Posted Feb 13, 2013 9:12 UTC (Wed) by el_presidente (subscriber, #87621) [Link]

That doesn't mean it isn't true.

Wrong Question

Posted Feb 14, 2013 16:32 UTC (Thu) by bronson (subscriber, #4806) [Link]

You're saying it wasn't deliberate?

Pointing out the obvious

Posted Feb 13, 2013 9:11 UTC (Wed) by man_ls (subscriber, #15091) [Link]

You will agree that not busting anything without new features has no value. Otherwise people would just bump version numbers with the exact same code base (or even with small incremental improvements) and everyone would be happy. You might say that the Linux kernel did that strategy, but... in fact that particular project is adding features all the time.

I don't remember other projects that did this strategy; perhaps that in itself is a sign since they are so unremarkable. I am sure some of you may help me here.

Pointing out the obvious

Posted Feb 13, 2013 9:27 UTC (Wed) by khim (subscriber, #9252) [Link]

I don't remember other projects that did this strategy; perhaps that in itself is a sign since they are so unremarkable. I am sure some of you may help me here.

One the best examples of what constitutes major release for Joe Average is Turbo Pascal. It was a time when OOP was all the rage and C++ was hot. Turbo Pascal introduced objects, inheritance and other such stuff, too. Between version 5 and 6. Note: I said between. Version 6 was a major release - with blue background, movable windows and so on. You know: major. While version 5.5 only introduced "insignificant" changes: the whole OOP paradigm in a compiler itself.

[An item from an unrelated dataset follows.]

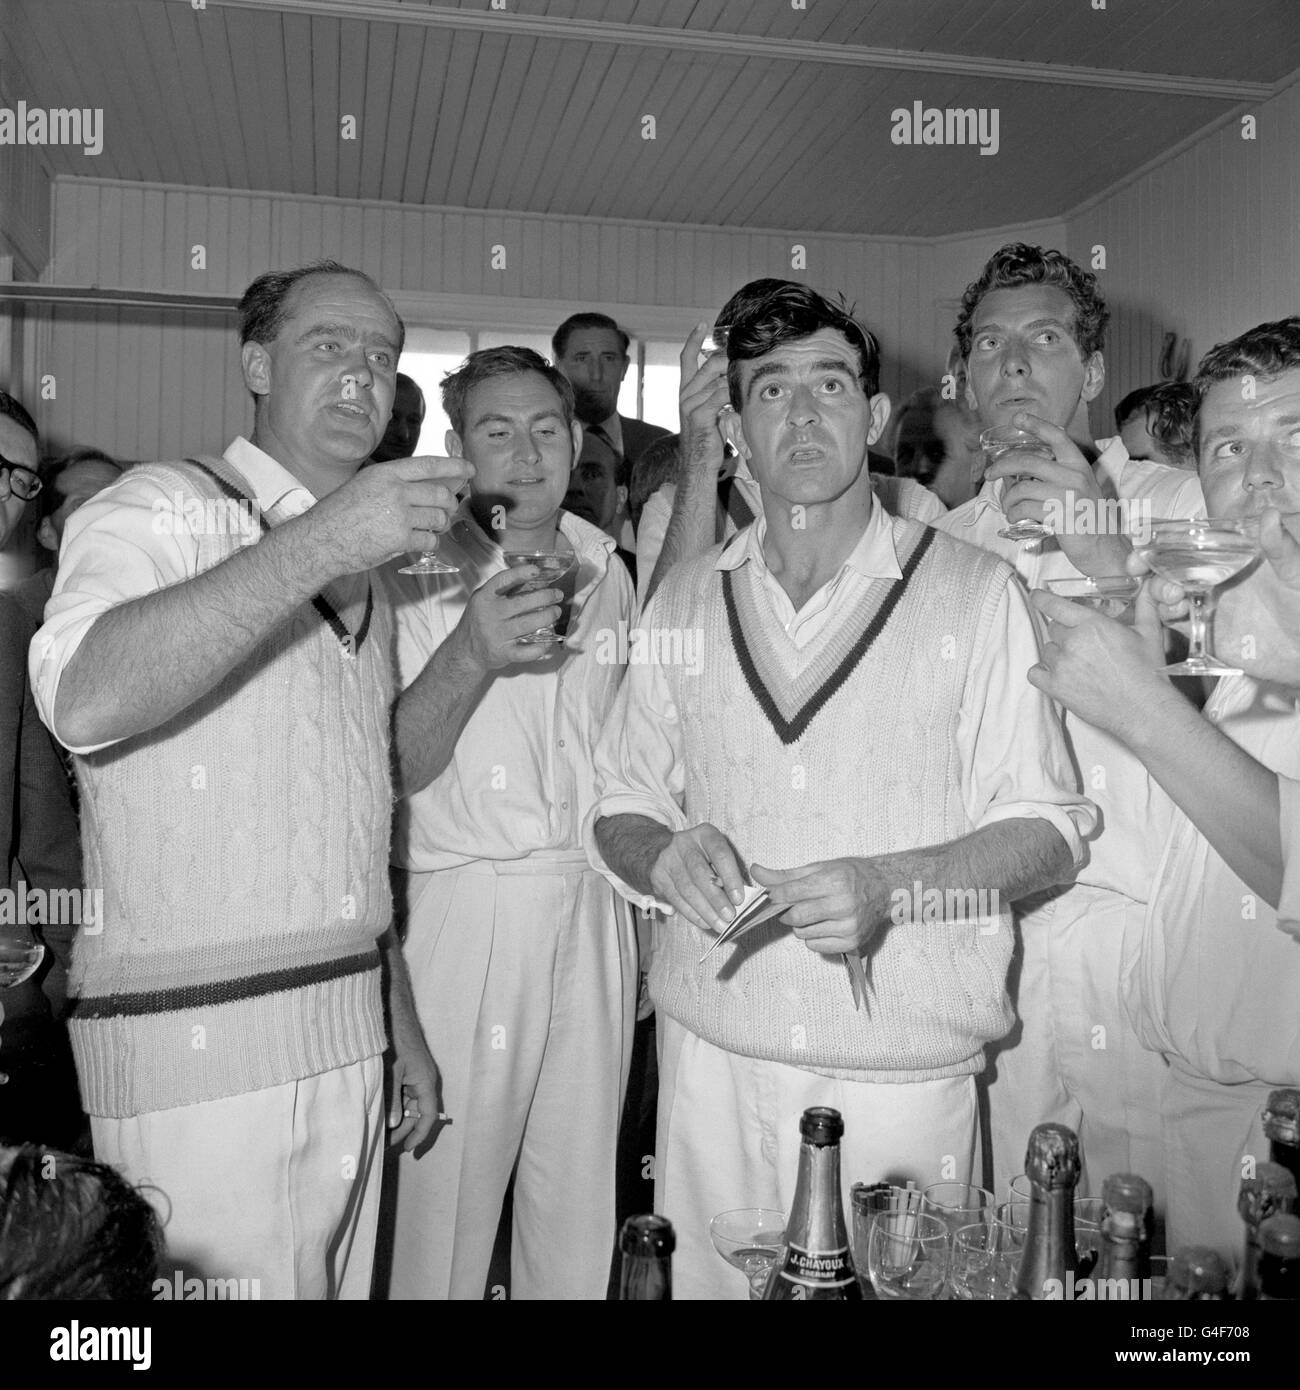 Le capitaine Brian Close, parti, toasts son équipe avec du champagne après que Yorkshire ait remporté le championnat du comté de Harrogate. De gauche à droite; Brian Close, Ray Illingworth, Fred Trueman, Don Wilson et Phil Sharpe. Banque D'Images

Note that is compiler so of course it's users are more computer-savvy than LibreOffice users.

Pointing out the obvious

Posted Feb 13, 2013 14:42 UTC (Wed) by wpost (guest, #89324) [Link]

Mozilla certainly comes to mind.

Wrong Question

Posted Feb 13, 2013 9:20 UTC (Wed) by khim (subscriber, #9252) [Link]

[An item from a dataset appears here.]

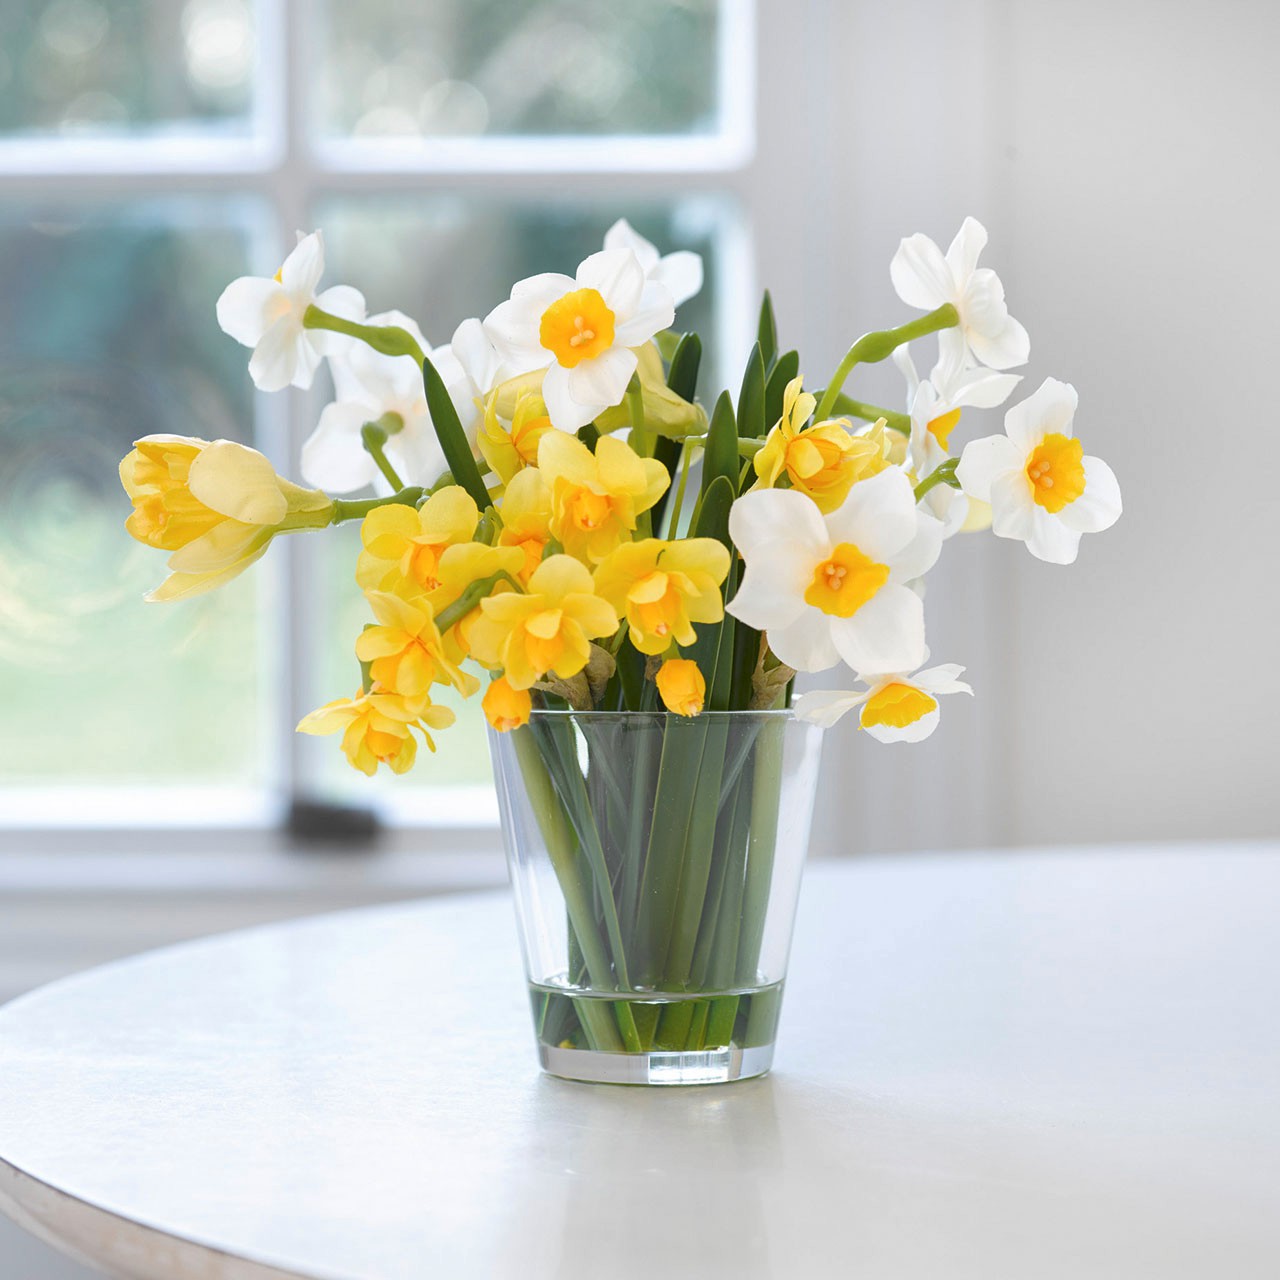 Paperwhite Narcissus Arrangement

Well, if you'll recall that it's all about pretty pixels then you'll know that what GNOME or Mozilla did is what Joe Average expects from a major release. They may like change, they may not like change, but they expect it. Ribbon, more convex buttons (or, may be, totally flat buttons), etc - this is what defines "major release" for Joe Average. When guts are totally revamped but UI is mostly the same they come out disappointed.

Wrong Question

Posted Feb 13, 2013 10:40 UTC (Wed) by ncm (subscriber, #165) [Link]

*Users* aren't disappointed. Users just want something that works. Pundits and gasbags are disappointed, because they need to fill column-inches and air time. "Faster, more reliable, easier to use" don't make for salable copy, they only make happier users.

LibreOffice 4.0: First Take (ZDNet)

Posted Feb 13, 2013 12:51 UTC (Wed) by morhippo (subscriber, #334) [Link]

Here is a much better review on Infoworld:

http://www.infoworld.com/d/applications/review-libreoffic...

LibreOffice 4.0: First Take (ZDNet)

Posted Feb 14, 2013 19:10 UTC (Thu) by ssmith32 (subscriber, #72404) [Link]

Actually, while I'm not a fan of zdnet usually, this article seem pretty fair, except for the title.

The title seemed to be there:

- to sensationalize something as prosaic as writing a review about a tool used to write documents.

- to digress into a sideshow on the semantics of the word "milestone"

A title that better reflects the text of the article would be:

"Libre Office - looking pretty good, but still some work to do".

But such is not the way of the Internet, alas.